Despite the significant rate of failure in BST leading to subsequent SV-RC, only 3 out of 73 studies thoroughly reported the outcomes of SV-RC. Even with advances in intra- and perioperative care, SV-RC remains a challenging surgery. Indeed, it leads to overall complication rates ranging between 67 and 72% [27,28,29,30]. If standardized definitions are applied and a meticulous workup of all complications is performed, these rates are very likely to increase even more [37]. While a non-randomized comparison is not without bias, modern primary RC shows much lower complication rates [38, 39]. Mortality rates of SV-RC were found to be low in our systematic review, but still data suggest worse early and 3 months survival rates following SV-RC in comparison to primary RC [29, 40, 41]. Patients undergoing SV-RC lose their opportunity for a high-quality primary RC (i.e. nerve sparing with a continent urinary diversion). While it still remains unclear if one form urinary diversion is superior to another in terms of quality of life, it is believed that most patients will favor a continent urinary diversion [42]. SV-RC, however, usually entails an incontinent urinary diversion due to irradiation damage to the pelvic tissue. Even though we did not find any data on the use of nerve-sparing SV-RC, it seems unlikely that this is possible, let alone be successful. While a successful BST seems to have little effect on quality of life, a non-nerve sparing approach and an incontinent urinary diversion following SV-RC may potentially decrease the quality of life after failure of BST [43]. This needs to be addressed in the counselling of MIBC patients regarding the risks, benefits and alternatives to primary RC. Patients also need to be counselled on the high local recurrence rate following BST, which necessitates a lifelong follow-up and further invasive procedures, thus increasing morbidity and health care costs [44,45,46].
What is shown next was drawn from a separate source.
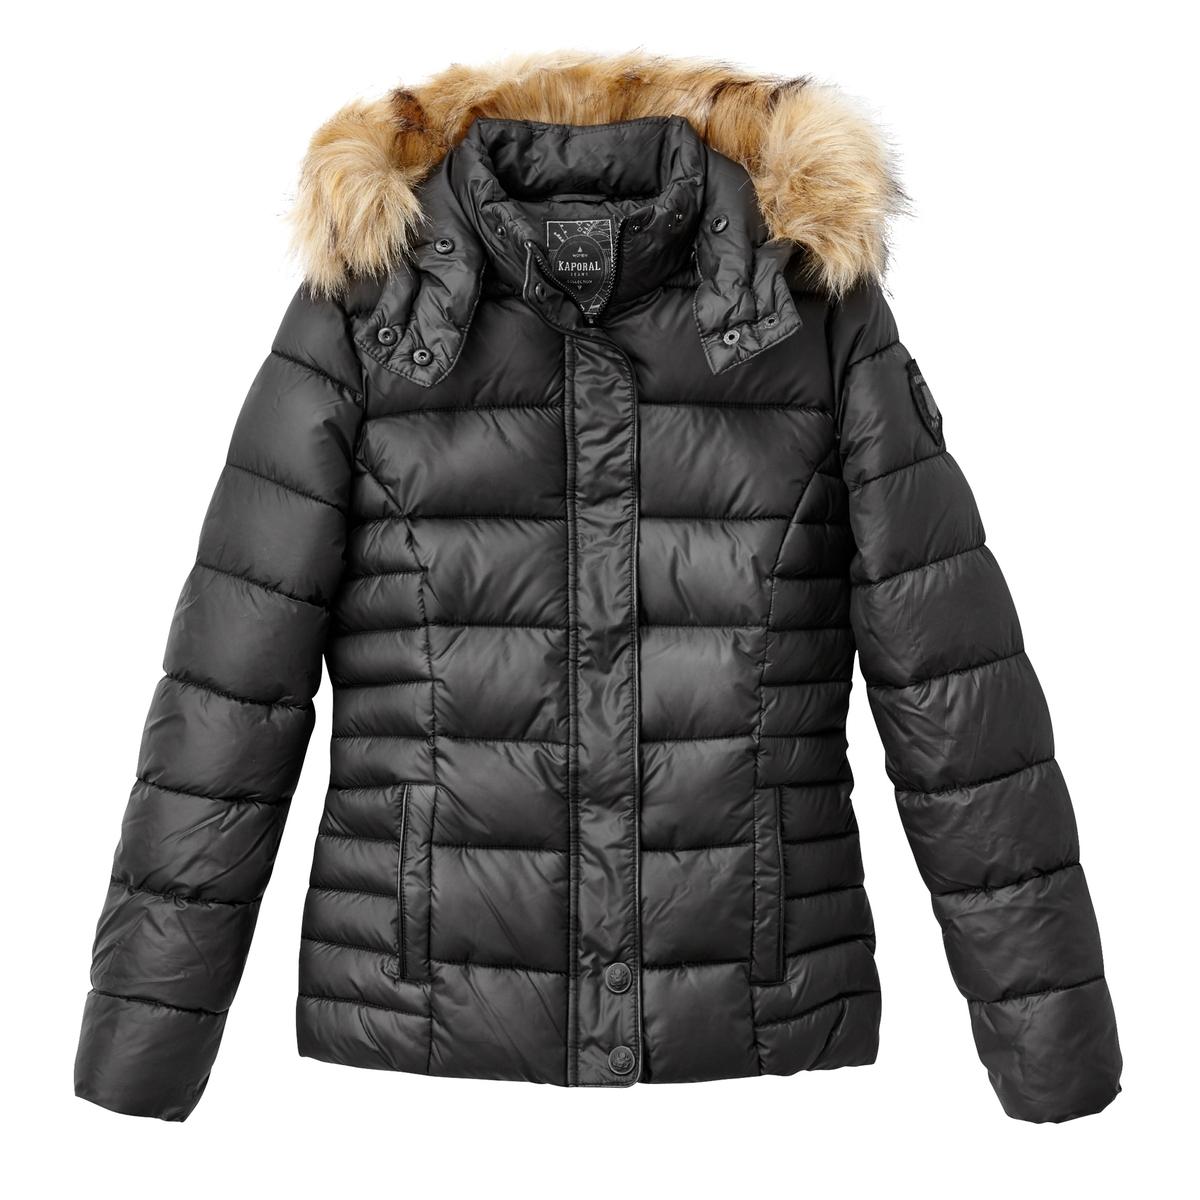 Куртка стеганая с капюшономСтеганая куртка KAPORAL отличный выбор для защиты от холода и дождя этой зимой . Эта стеганая куртка на молнии  с капюшоном объединяет в себе комфорт и стиль .Детали •  Длина : средняя •  Капюшон •  Застежка на молнию •  С капюшономСостав и уход  •  Следуйте советам по уходу, указанным на этикетке<br><br>Цвет: бордовый,синий морской,черный<br>Размер: M.S.M.S.XL.L.L.XL.XL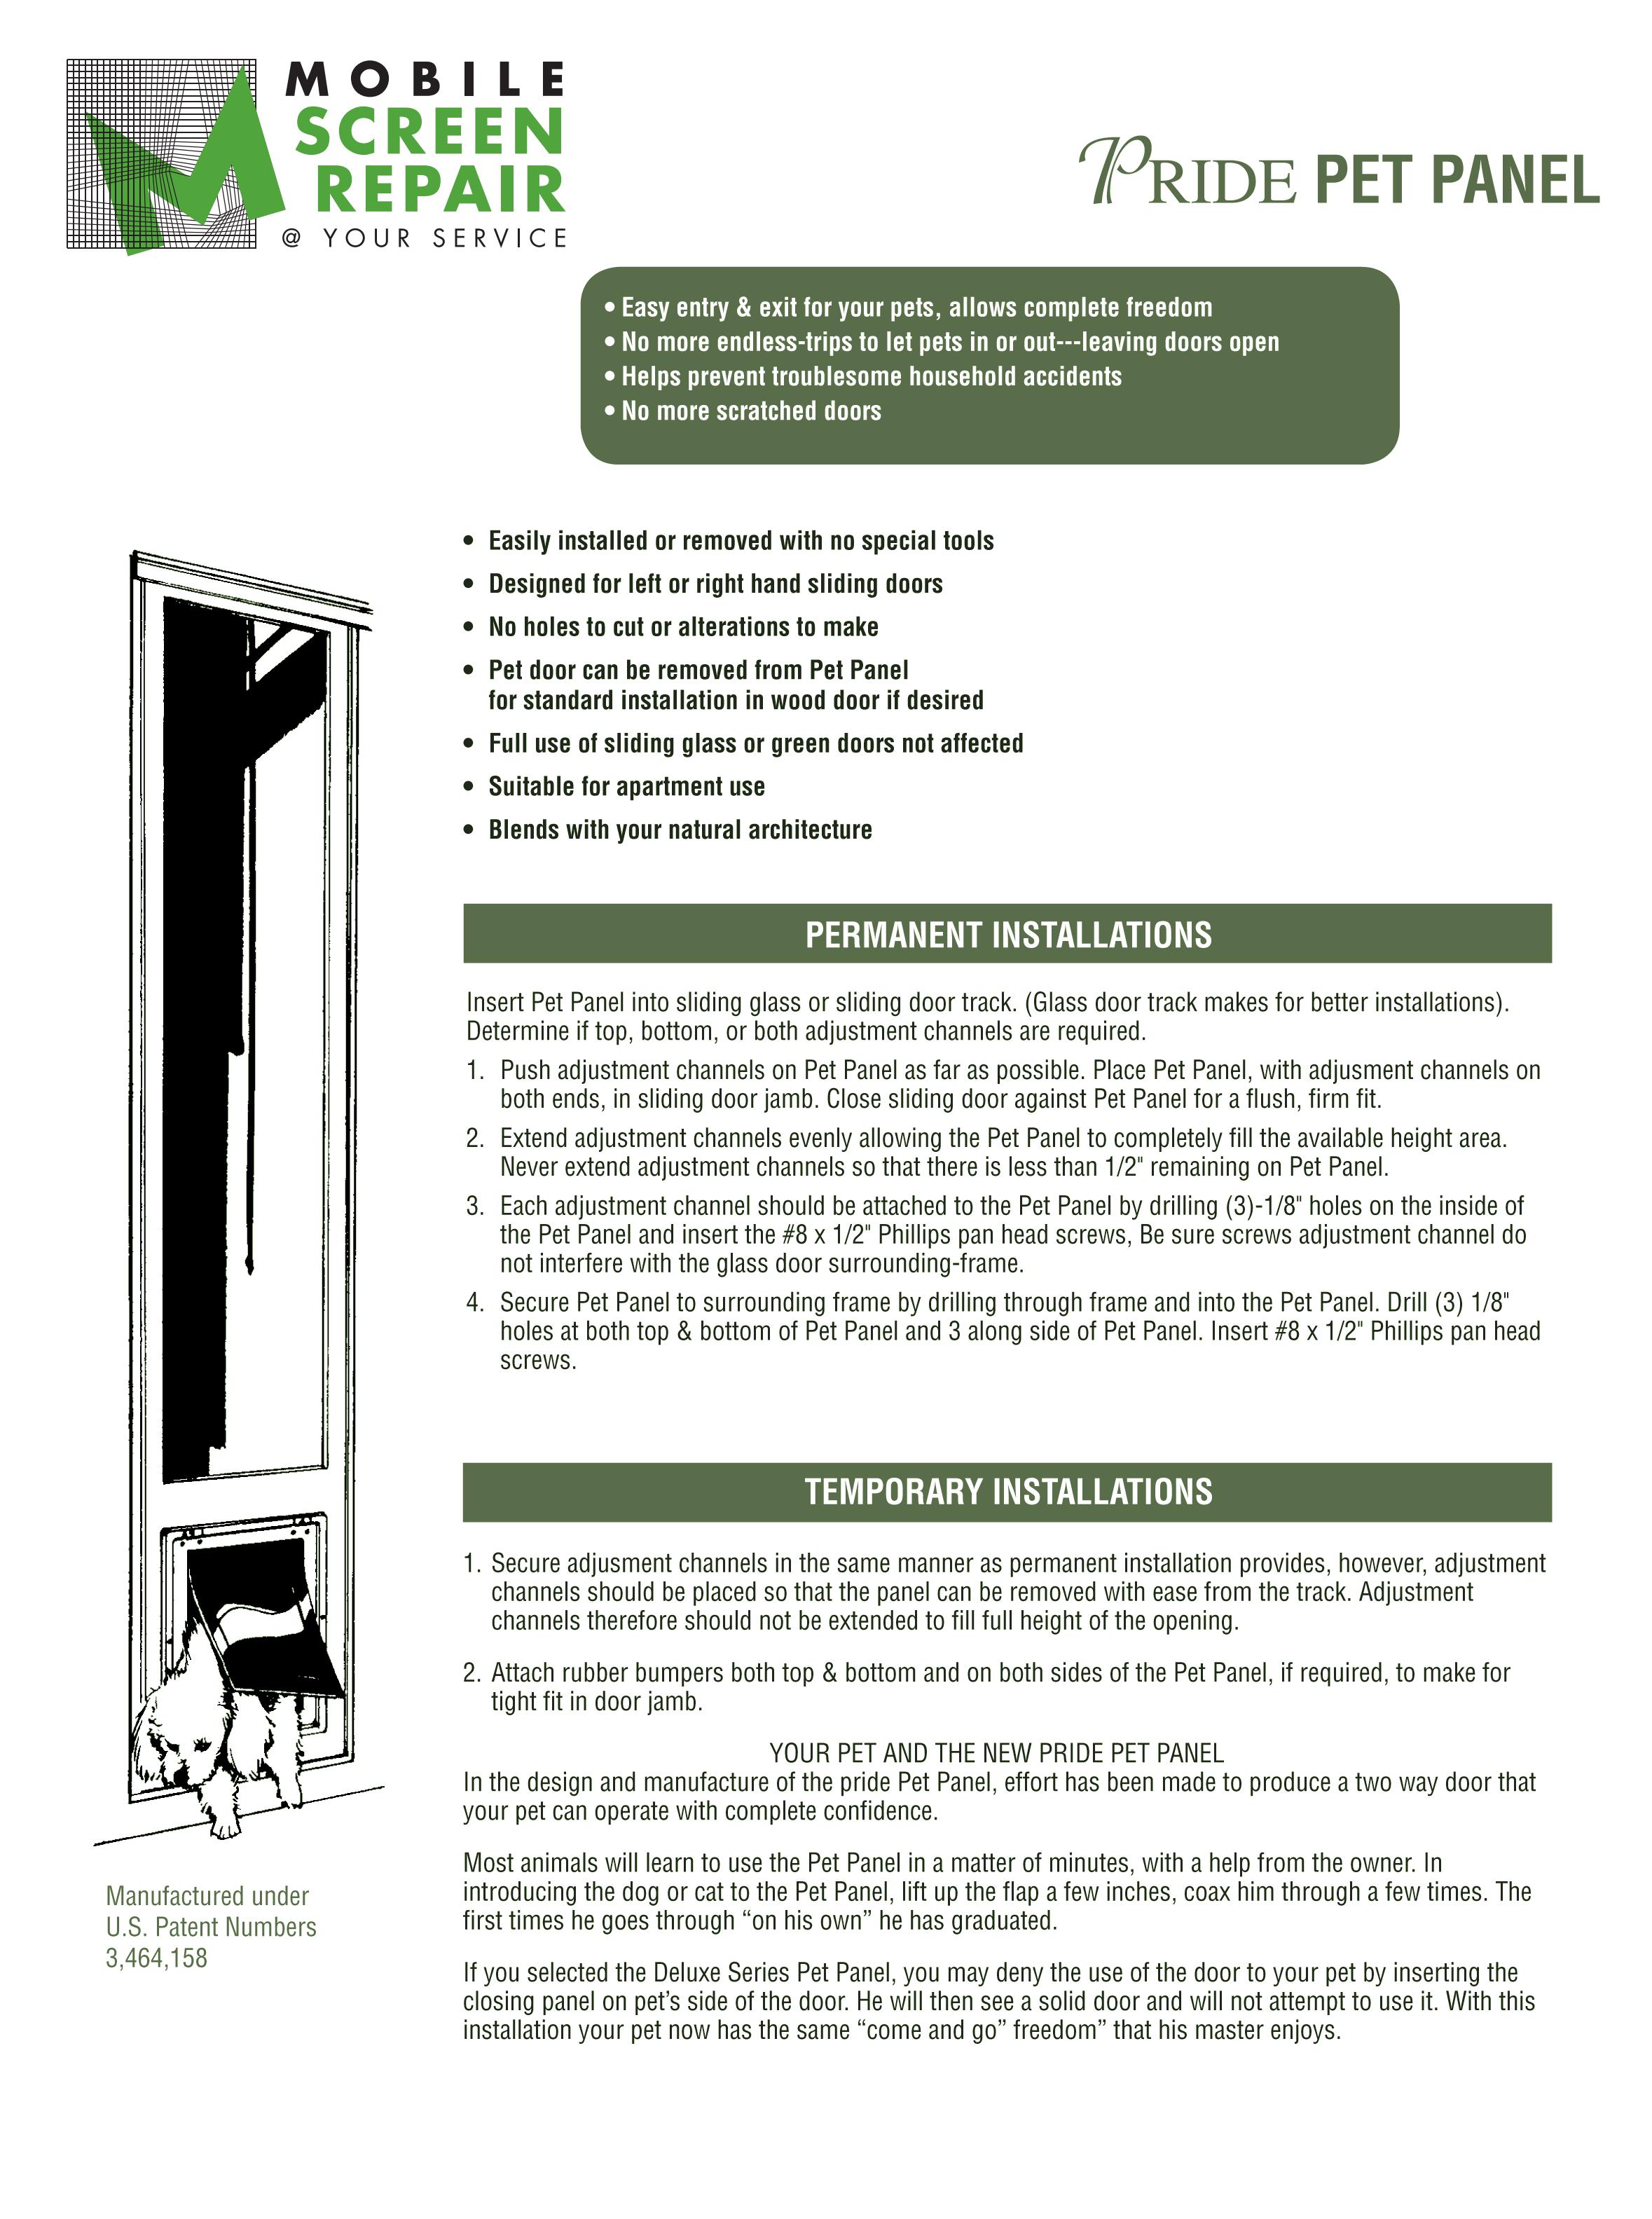 Doggie Door Installation Mobile Screen Repair

Predictors of SV-RC need to be investigated to improve patient selection. In agreement with the literature on oncologic outcome after BST, our findings suggest that patients with multifocal tumors, hydronephrosis non-organ confined disease, incomplete TURBT or carcinoma in situ should not be selected for BST [12]. Despite intensified research, there is a persistent lack of clinical useful biomarkers for patient selection, as all reported results are still exploratory [47,48,49,50,51,52,53]. So far, as seen in patients undergoing primary RC, there remains a substantial risk for understaging even in patients seemingly ideal for BST [54,55,56]. As LND remains the most accurate method for complete pathological staging and thus for detection of more aggressive tumors while simultaneously treating micrometastases, neoadjuvant chemotherapy followed by RC and LND is likely to remain the gold standard for treatment of MIBC in cisplatin and surgically fit patients, as it allows the best risk stratification [57].

The main limitation of this study is its retrospective design. Due to the differences in staging techniques, tumor subtypes, inclusion criteria and treatment modalities the final cohort analyzed was found to be very heterogeneous. Also, we identified only three studies that thoroughly reported the outcomes after SV-RC, as most studies only briefly mentioned the rates of necessary SV-RC. Despite an acceptable quality of the studies included, prospective trials assessing precisely the risk of SV-RC and the oncologic outcomes are highly needed.

Conclusion

Approximately one-fifth to one-third of patients treated with BST with a curative intent eventually a SV-RC. This procedure has a proportionally high rate of complications and, while primarily entailing a non-tissue sparing (i.e. nerve-sparing) approach, usually is accompanied by an incontinent urinary diversion. The resulting decreased quality of life needs to be taken into consideration during the counselling of MIBC patients regarding the risks, benefits and alternatives (i.e. BST) to primary RC.